We talked with our advisory team about the upcoming school year and what it means for school wide culture. This is what we learned.
By 
Liveschool Team
 | 
April 12, 2021
Register Now

About the Event

There will likely be few years like 20/21 for educators — a year where the playbook got thrown out and schools had to create a whole new model for educating students. But as we look forward to the 21/22 school year with the COVID pandemic steadily ebbing, there's a unique new set of expectations.

The LiveSchool Council is a group of twenty volunteer teachers, school administrators, and counselors who serve as our team's advisors. We recently asked them how they're thinking about the upcoming school year. Here's what we learned.

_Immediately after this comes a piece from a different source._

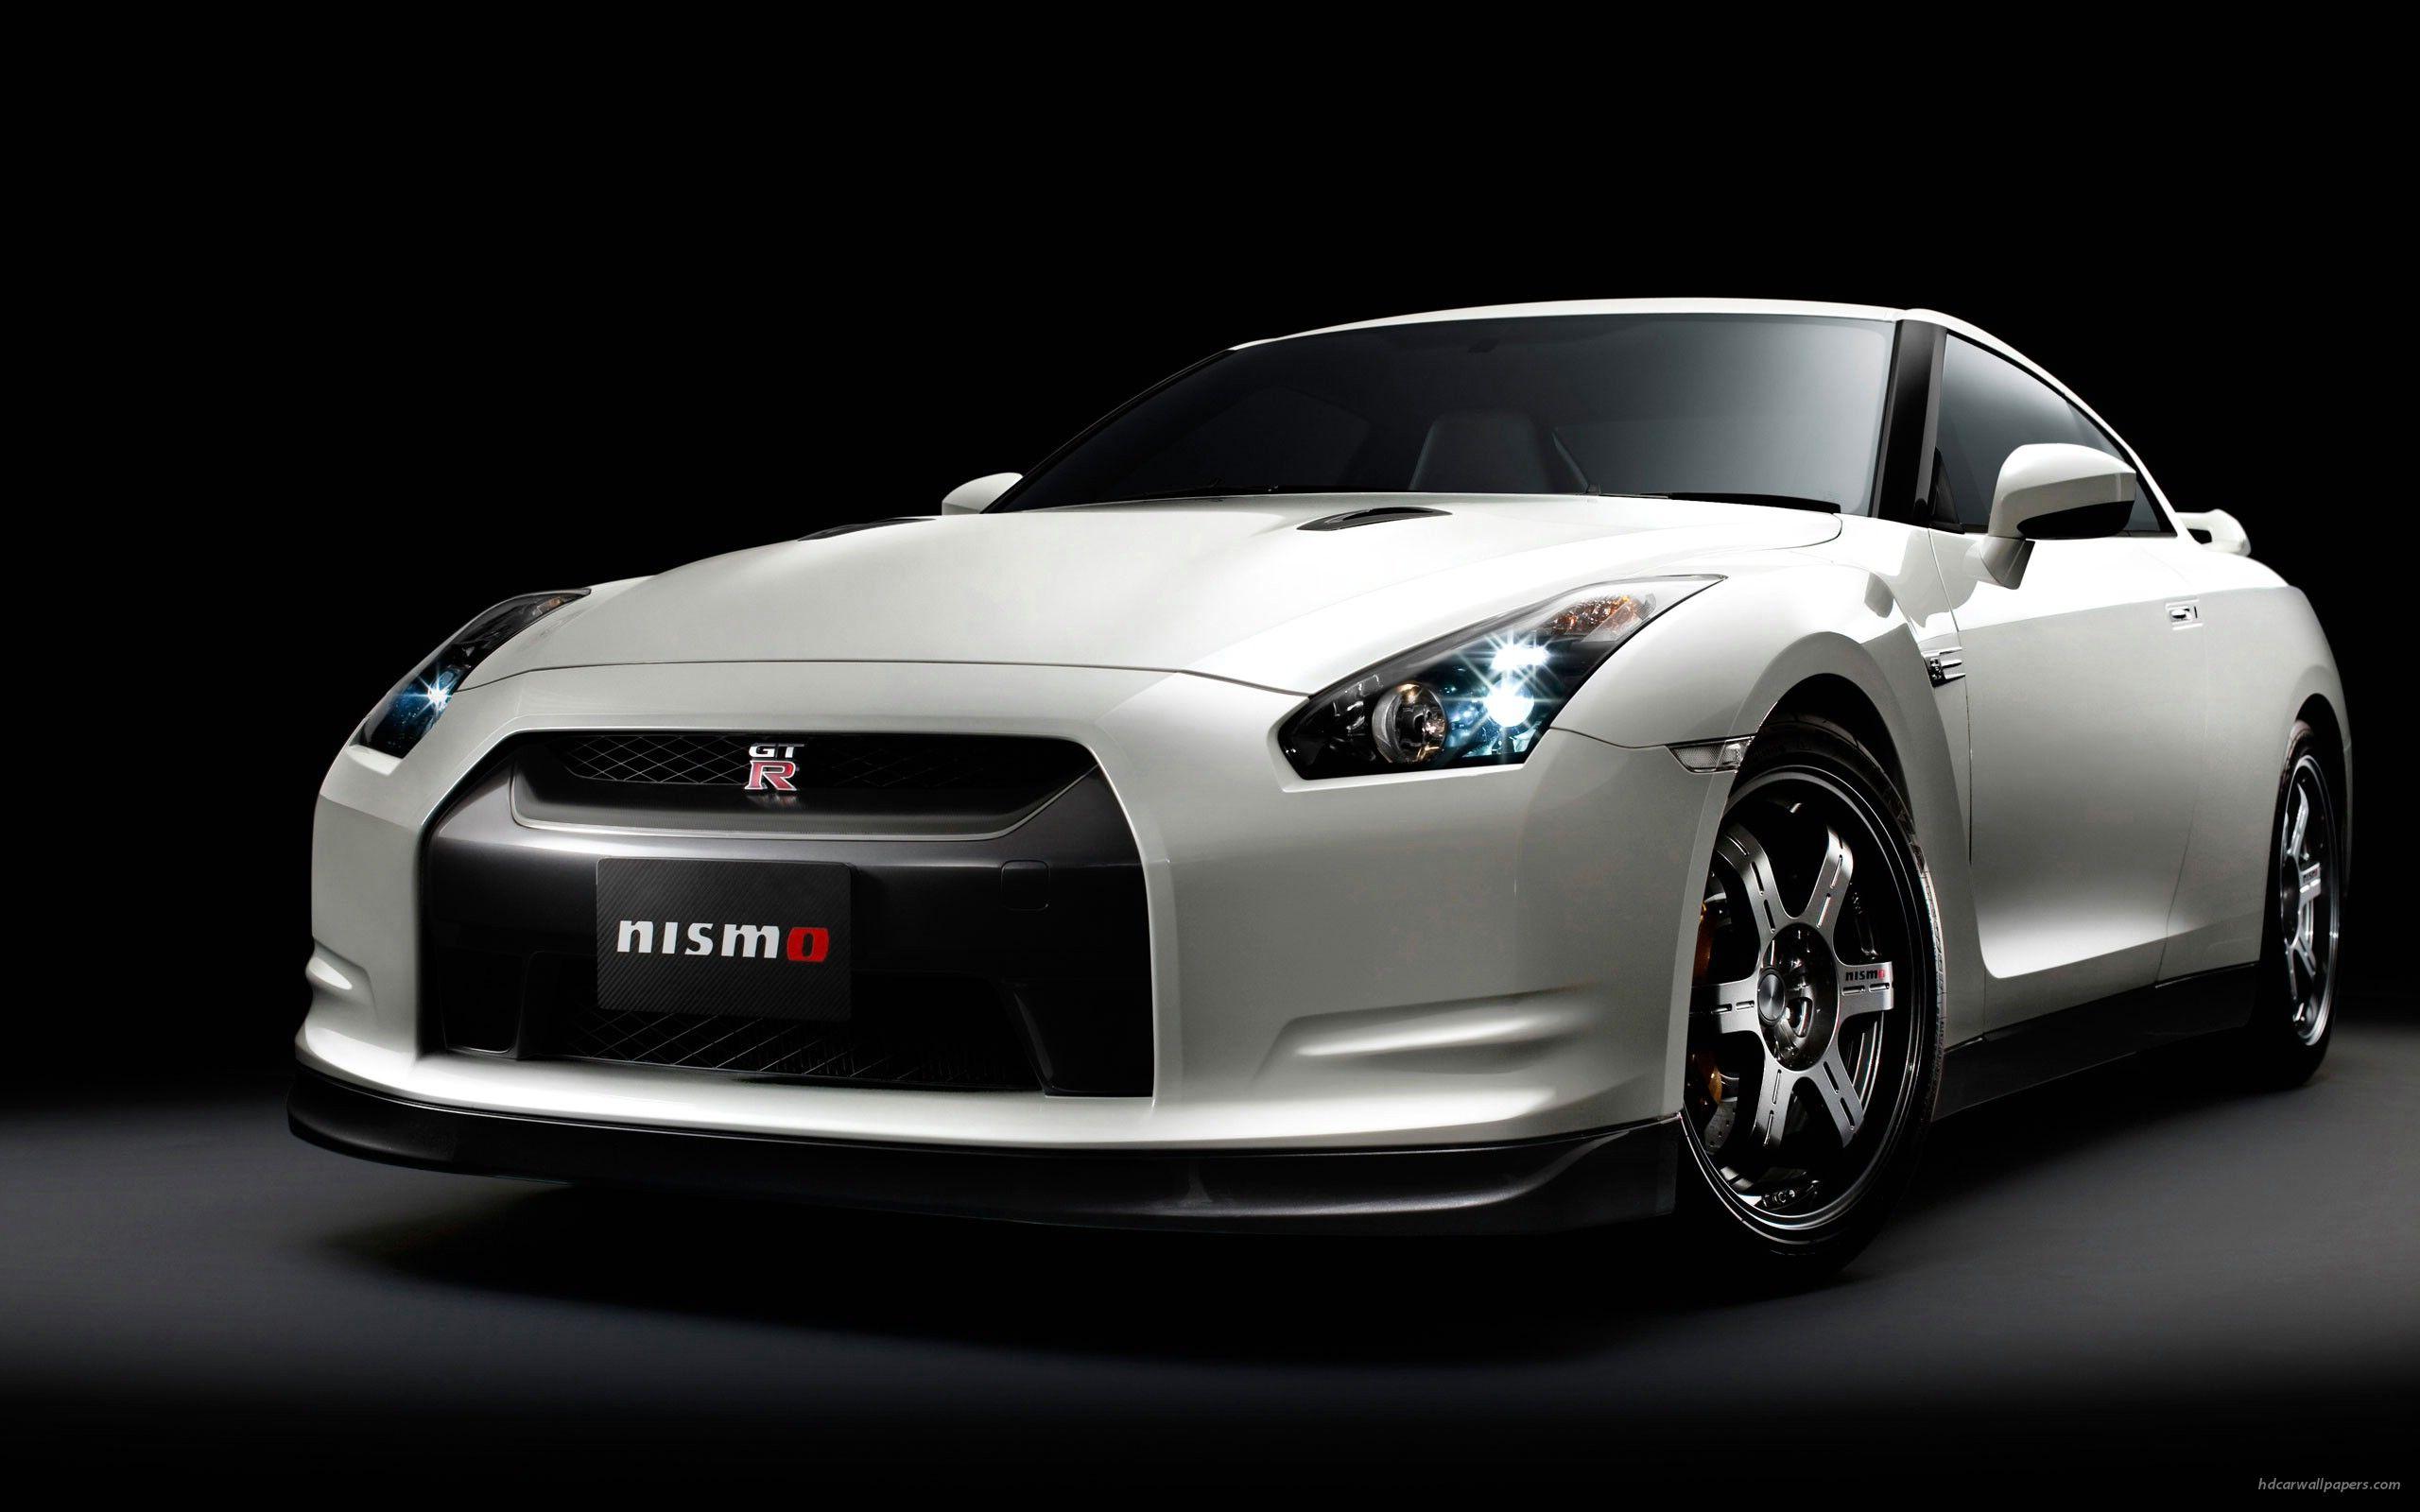 Nissan Skyline Gtr R Wallpaper × Nissan Skyline GTR R

Hoping for a "normal" school year, but staying flexible.

If this school year has taught educators anything, it's that plans can and will change. Most of our Council expressed real hope about next year — but they also aren't setting any plans in stone.

The good news: many schools have already learned to be flexible. "We survived going back to school during a pandemic — we can do this!" says Nicky Clark (STEM Teacher in Kingsway Elementary in Port Charlotte, Florida). "I'm making my plans, but nothing is confirmed until we hear from admin," says one of our Counselor Council members from a public school in Ohio.

The takeaway: start to plan, but keep those plans flexible.

Anticipating the supports students will need as they continue to adapt.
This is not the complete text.